Here, we evaluated the occurrence of false positive vertices or clusters from our simulations. We found that every single simulation yielded at least 1 false positive vertex after Bonferroni correction (FWER=1, Fig. 2). We noted that the FWER of 0.97 (SE=0.02) found for LMMs in the scenario of “1000 associated vertices,” came from three simulations returning no significant associations.
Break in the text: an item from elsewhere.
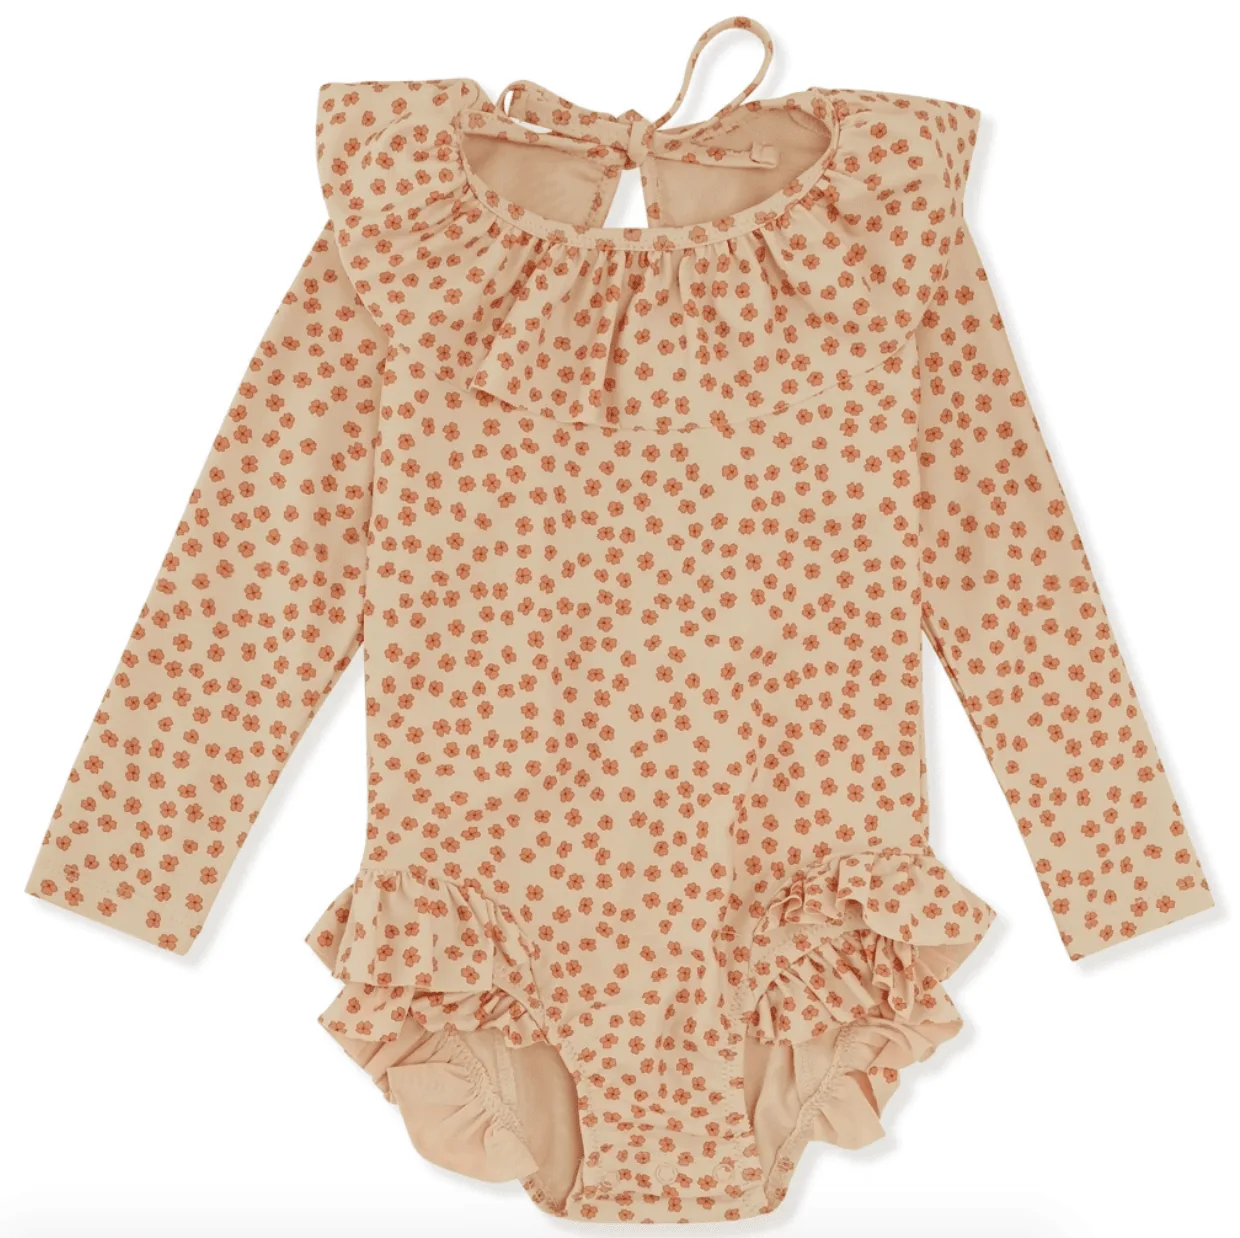 Buttercup flowers on a ruffled long-sleeved swimsuit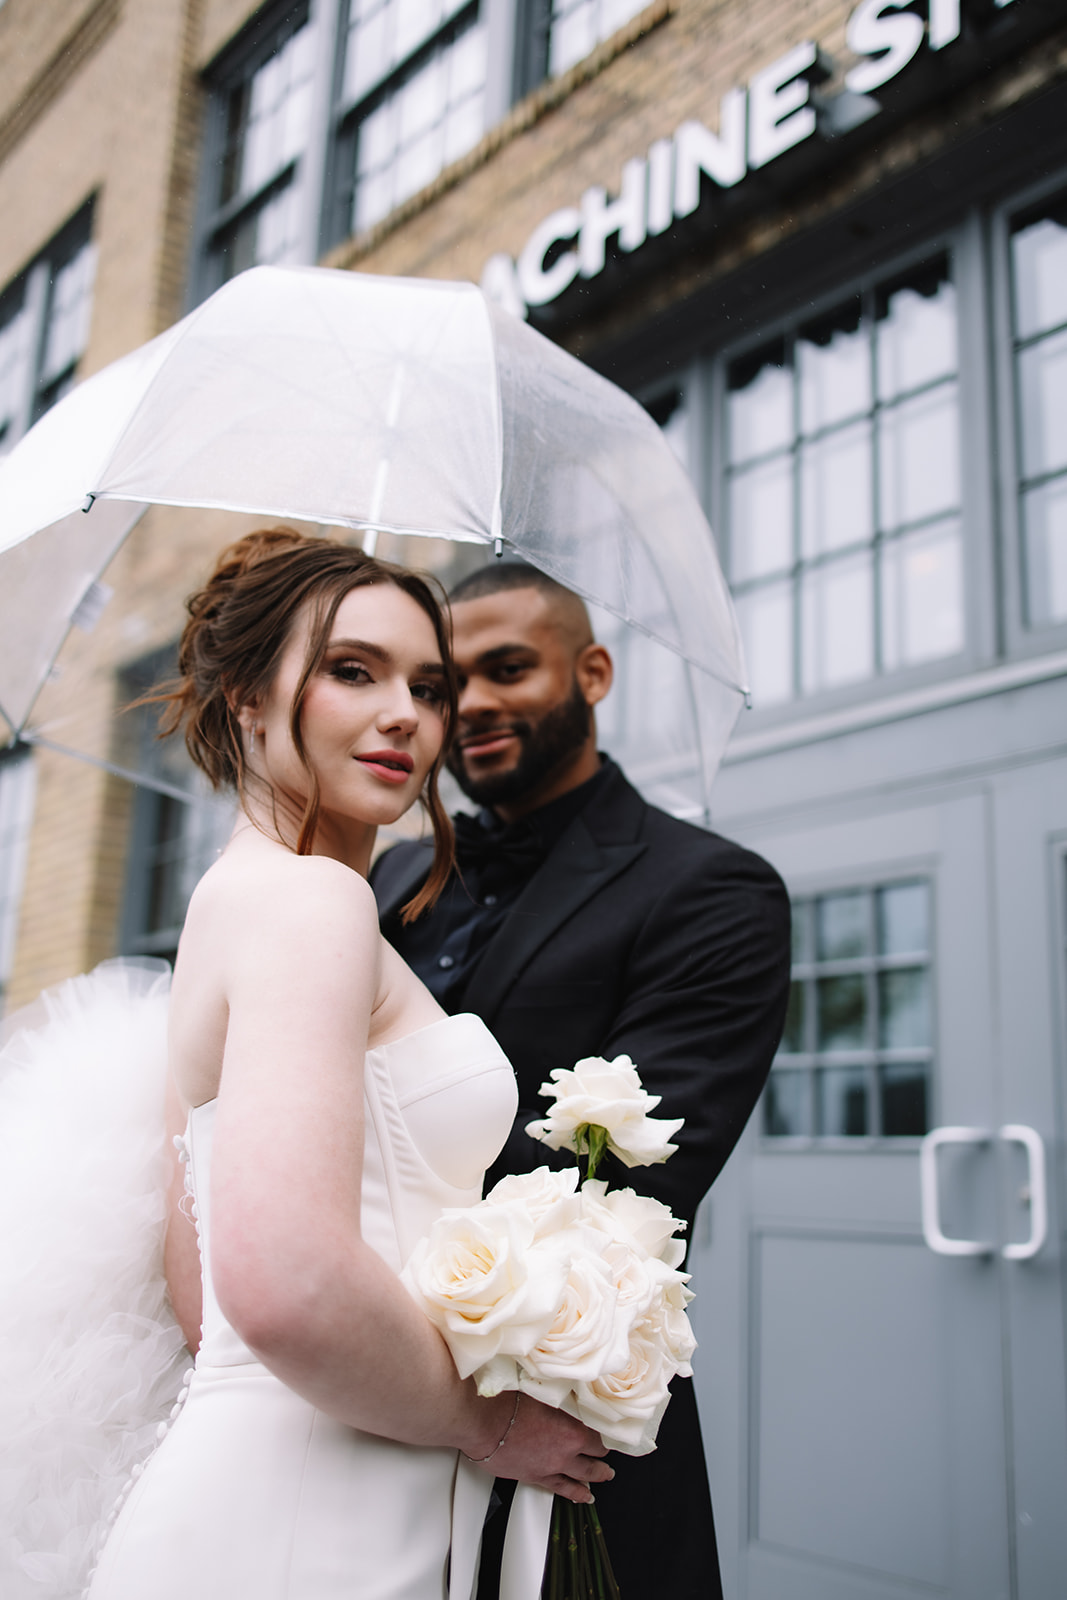 A bride in a white dress holding white roses and a groom in a black suit stand under a transparent umbrella on a rainy day in front of a brick building at the machine shop in minneapolis

When evaluating the results at a cluster level, we found that using GLMs almost always resulted in one or more false positive cluster (Fig. 2; Table S1 in the Supplemental Material), leading to cluster FWER>85%. Cluster FWER was reduced to 49% to 72% using LMMs (Fig. 2; Table S1 in the Supplemental Material). Despite this improvement, no model ensured a cluster-FWER below 5%. LMMs also minimized the proportion of false positive clusters (cluster FDR), compared with the GLM approaches. At the extreme, more than 70% of the significant clusters were false positives using GLMs without covariate. This reduced to about 60% when controlling for age, sex, and ICV and further reduced to <17% using LMMs (Fig. 2; Table S1 in the Supplemental Material).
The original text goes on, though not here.